Assignment >>
Repeat exactly the lines of the entries below from the one with "Zapato Casual Diabetic Lombardino - Negro" through the one with "Baumwollperkal-Kopfkissenbezüge Raja in", both ends included, and nothing else.

Task inputs >>
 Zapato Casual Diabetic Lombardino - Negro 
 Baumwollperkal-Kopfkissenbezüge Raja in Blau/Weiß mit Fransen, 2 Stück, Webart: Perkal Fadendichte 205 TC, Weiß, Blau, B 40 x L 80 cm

==

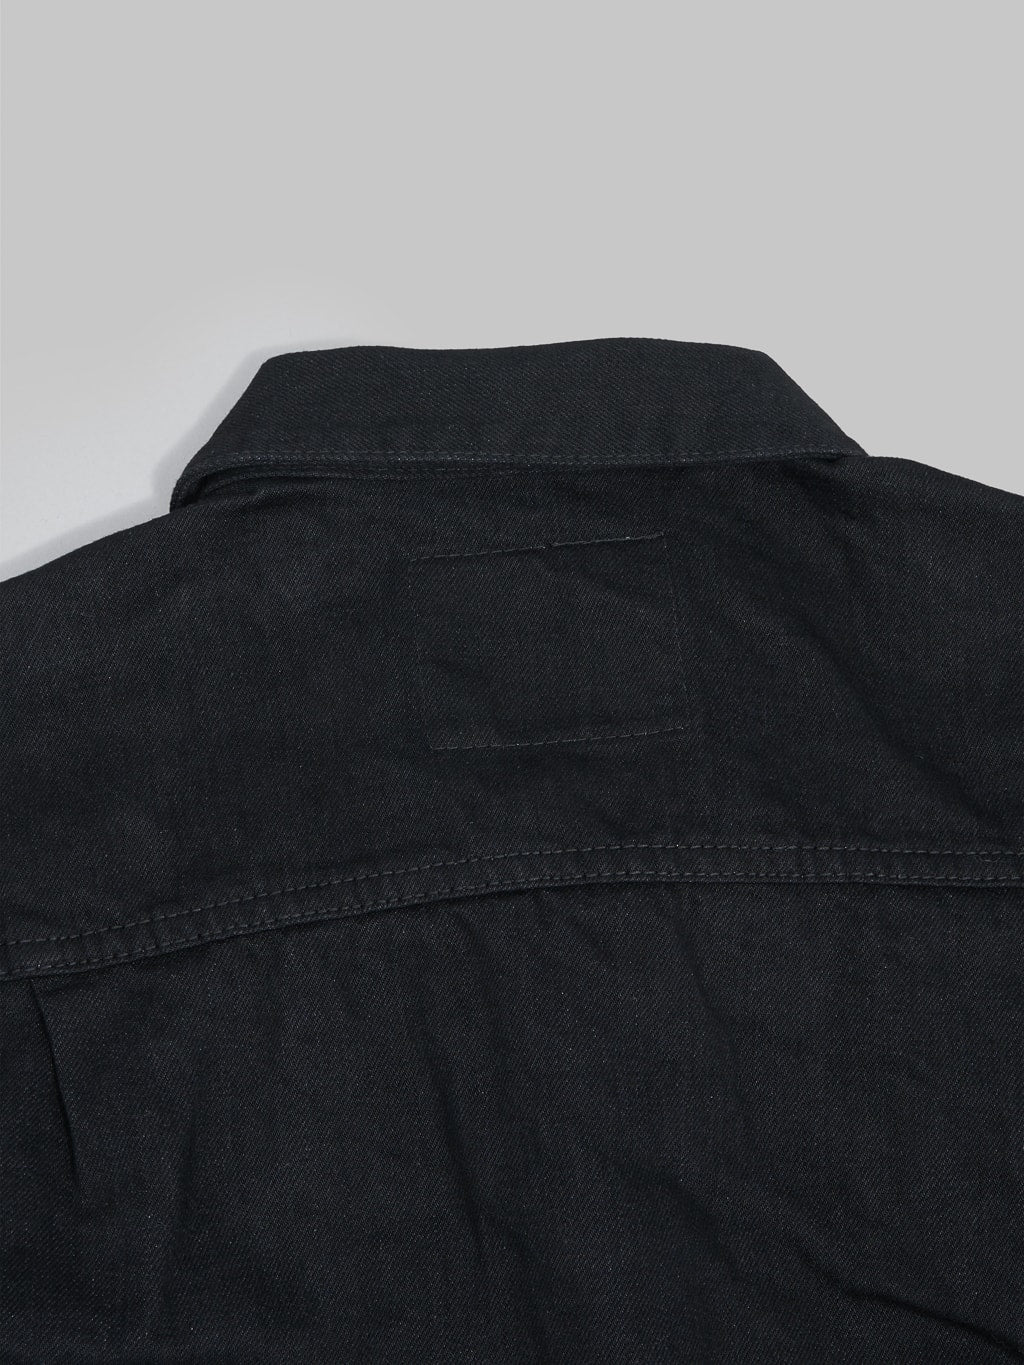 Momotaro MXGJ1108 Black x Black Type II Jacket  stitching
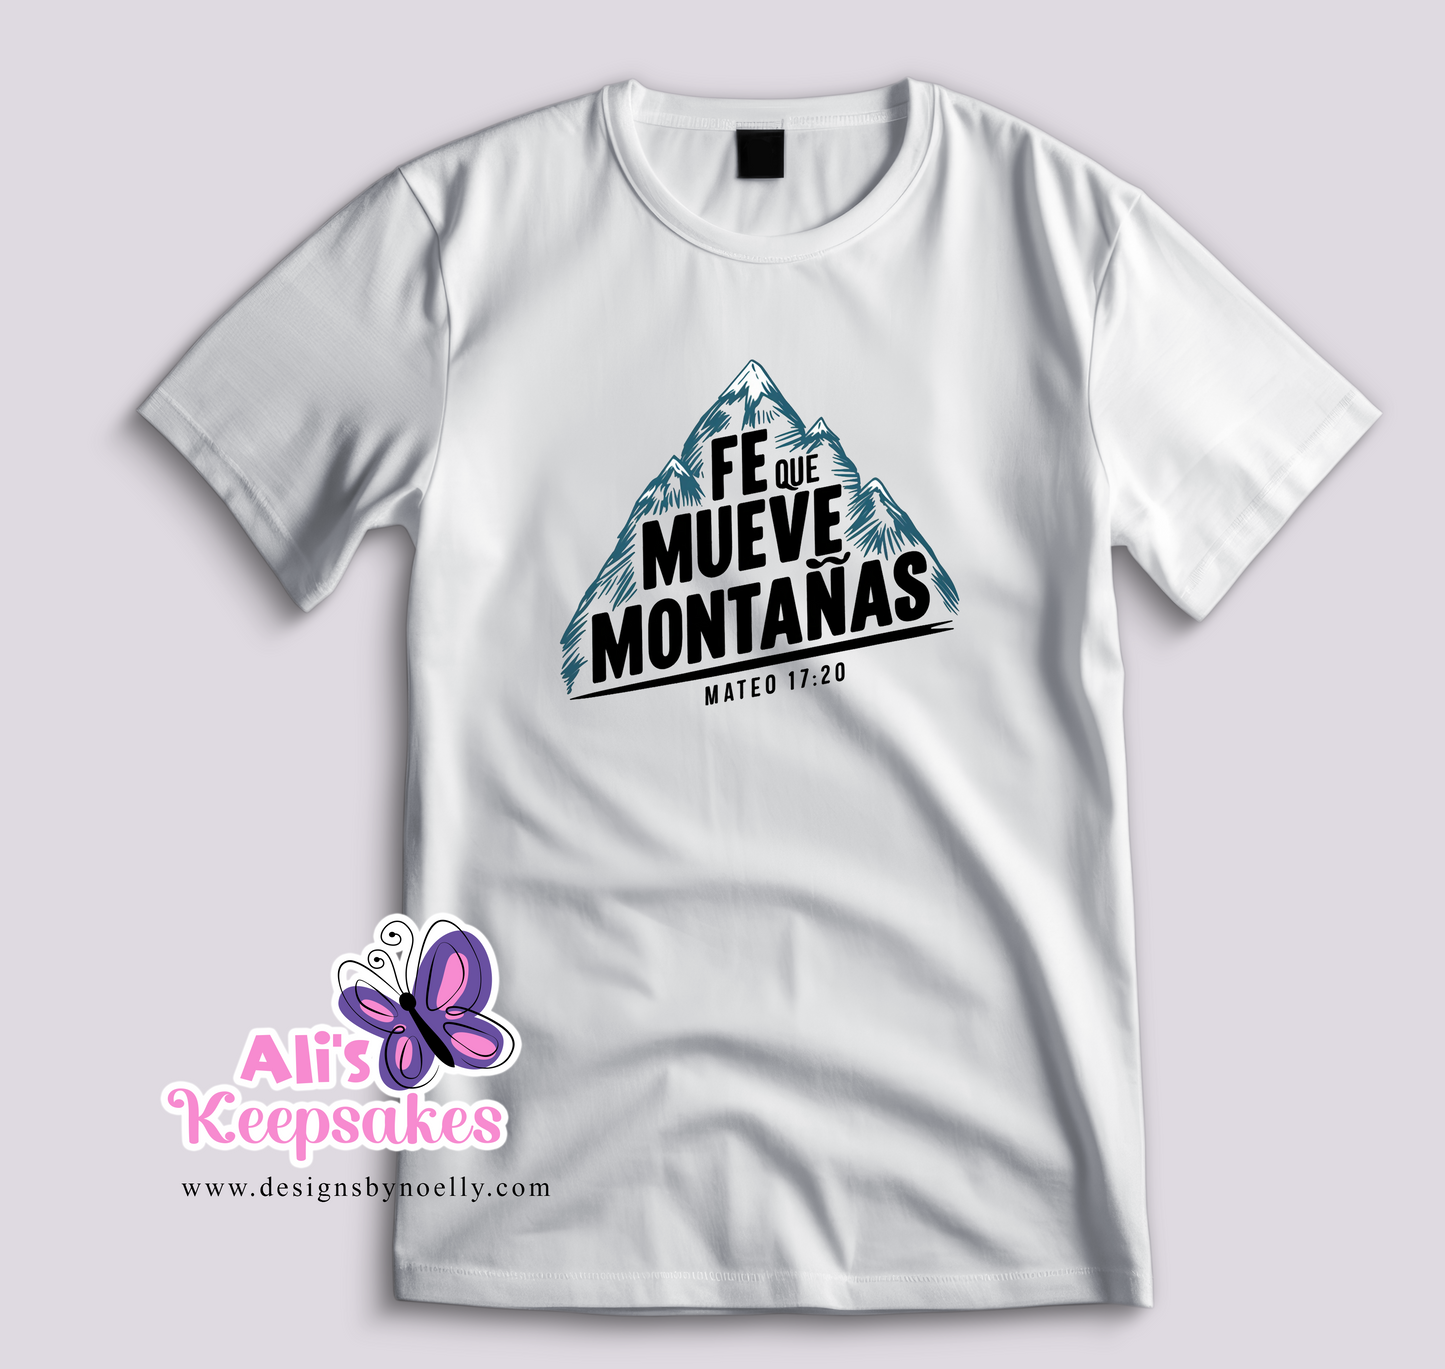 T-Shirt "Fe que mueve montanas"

* * *

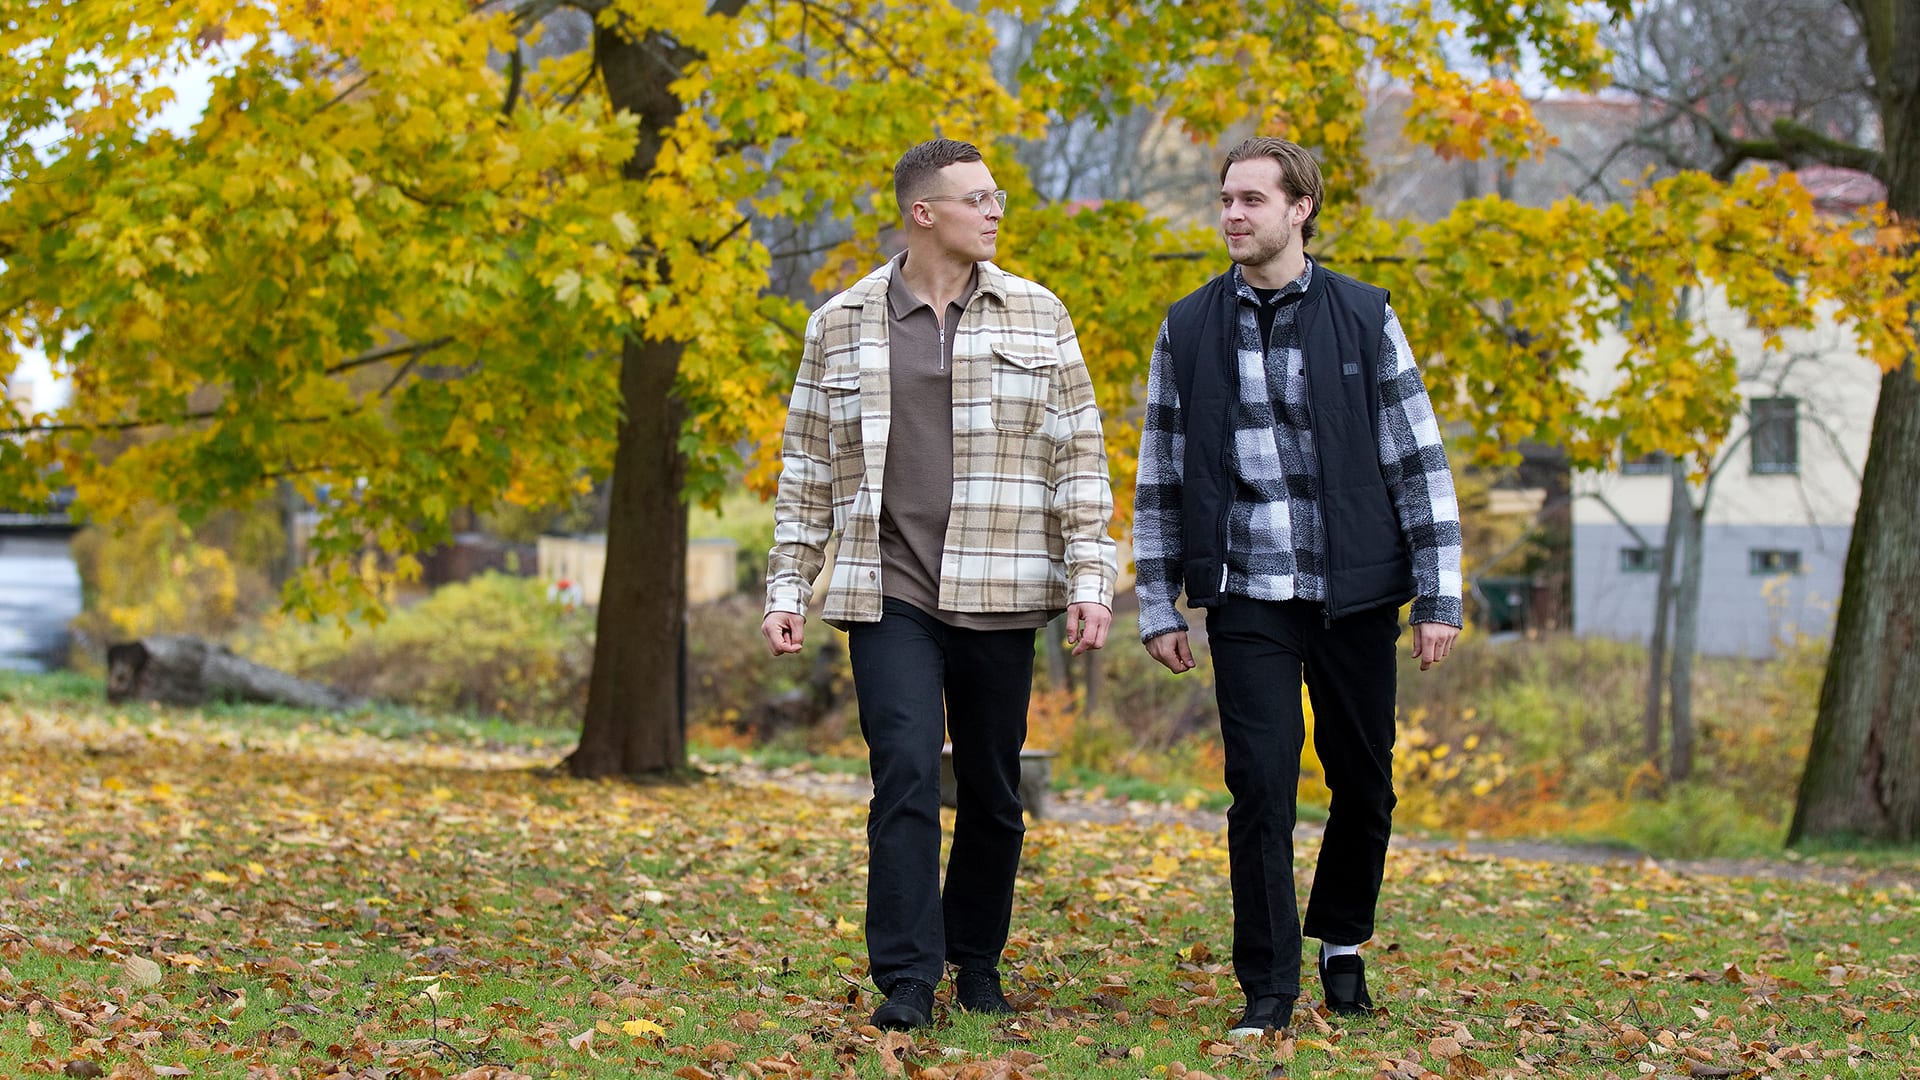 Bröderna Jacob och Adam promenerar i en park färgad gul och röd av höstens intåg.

Response to the task >>
 Zapato Casual Diabetic Lombardino - Negro 
 Baumwollperkal-Kopfkissenbezüge Raja in Blau/Weiß mit Fransen, 2 Stück, Webart: Perkal Fadendichte 205 TC, Weiß, Blau, B 40 x L 80 cm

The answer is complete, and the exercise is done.